Yogi Adityanath presenting the budget (Subhankar Chakraborty/Hindustan Times via Getty Images)
Yogi Adityanath presenting the budget (Subhankar Chakraborty/Hindustan Times via Getty Images) 
Politics

What Yogi Adityanath Focussed On In His First Budget, And What He Left Out

ByMeenal Thakur

What political messages did the Chief Minister send with his debut budget?

Keeping its electoral promise of waiving off farm loan taken by farmers, the newly formed Bharatiya Janata Party (BJP) government in Uttar Pradesh focused on improving rural infrastructure, especially in drought-prone Bundelkhand and Purvanchal (eastern Uttar Pradesh).

Chief minister Yogi Adityanath presented the first budget of his government on Tuesday maintaining his focus on the key constituencies that voted the BJP to power after 15 years.

To begin with, the budget provided Rs36,000 crore for farm loan waiver, a poll promise made during the assembly election earlier this year. Uttar Pradesh was the first state to announce farm loan waiver and the decision was taken in the first cabinet meeting held by Adityanath.

Rural development was also a major focus area of the budget as a sum of Rs 4,500 crore was allocated for the “Pradhan Mantri Awas Yojna (Rural)” for providing housing facility to families without homes and those living in kutcha houses. Similarly, Rs 2,800 crore was allocated for groundwater-based rural drinking water scheme in Bundelkhand, Purvanchal and Vindhya regions.

As for other backward classes, who drifted towards the BJP during the 2014 Lok Sabha election and later in the 2017 state election, the government allocated Rs 52.66 crore for the construction of hostel for poor students belonging to backward classes. A provision of Rs 551.28 crore has also been made for reimbursement of fees of these students.

The government announced various schemes for the weaker sections of the society including a budgetary allocation of Rs 692 crore under the Mukhya Mantri Kisan Evam Sarvhit Bima Yojna, Rs85 crore for Common Man Insurance Scheme and provision of Rs250 crore for community marriage of daughters of poor parents belonging to SC (scheduled caste), ST (scheduled tribe), OBC and minorities.
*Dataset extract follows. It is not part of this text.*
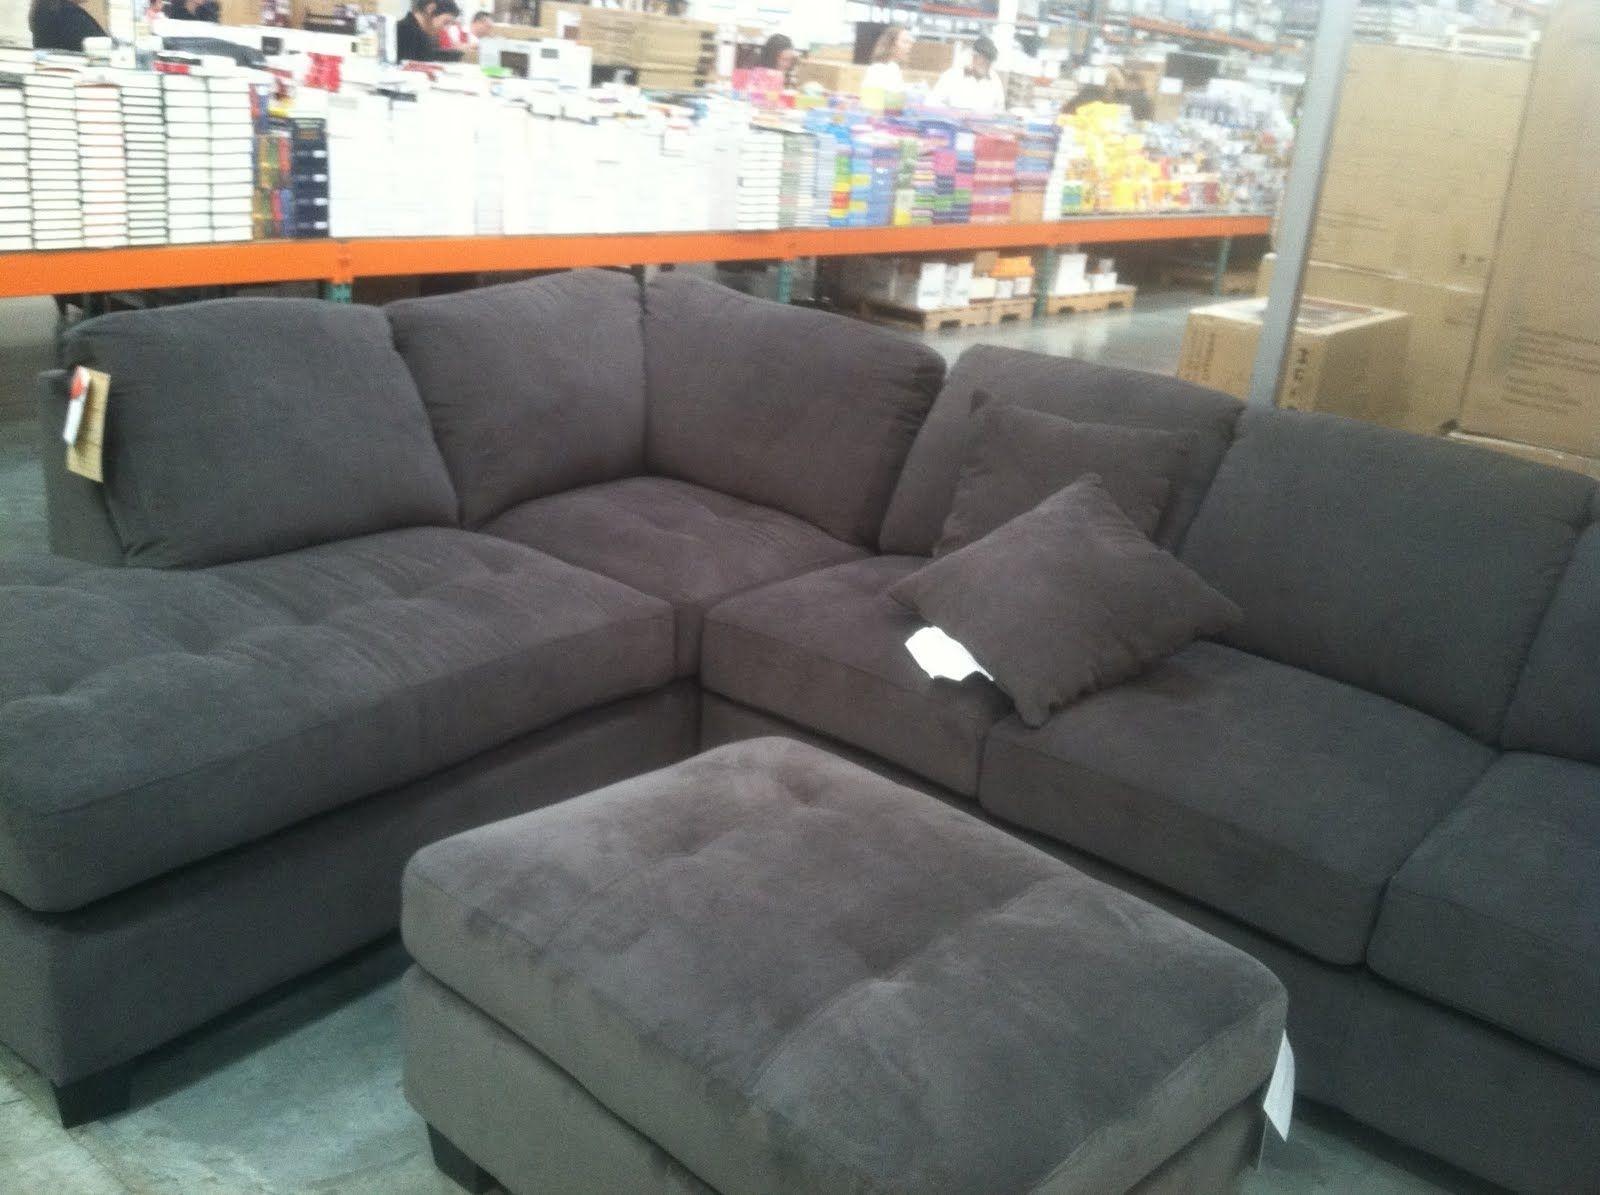 Cool Modular Sectional Sofa Costco , Inspirational Modular Sectional Regarding Sectional Sofas At Costco (View 4 of 10)

Similarly, a sum of Rs 791.83 crore has been set aside for the scholarship scheme for minority students.

In a bid to promote religious tourism and cultural heritage of the state, the government allocated Rs 1,240 crore under the Swadesh Darshan Yojna for Ramayan Circuit, Buddhist Circuit and Krishna Circuit in Ayodhaya, Varanasi and Mathura, respectively.

Analysts said that the budget indicates that the BJP government has finally shed its image of being a party whose core constituency was the business community.

“There was a general feeling in the country that the BJP is pre-disposed to the interests of the business community. Therefore, with the announcement of a farm loan waiver and focus on tackling agrarian distress, Yogi Adityanath has broken away from that image. The only continuity between the previous UPA (United Progressive Alliance) government and the current BJP government is their focus on farm distress,” said Manisha Priyam, a New Delhi-based political analyst.

However, she also pointed towards the government’s push to promoting the ideology of Hindutva.

“What is also evident in the budget is a clear move towards the Hindutva ideology. Adityanath is not a developmentalist chief minister like Shivraj Chouhan or Vasundhara Raje Scindia. All the decisions taken in the budget have a Yogi Adityanath stamp on them and represent the next generation of the BJP. Cattle protection at such a large scale has not been seen before while the CM is also simultaneously addressing the rural and farmer constituency,” she said.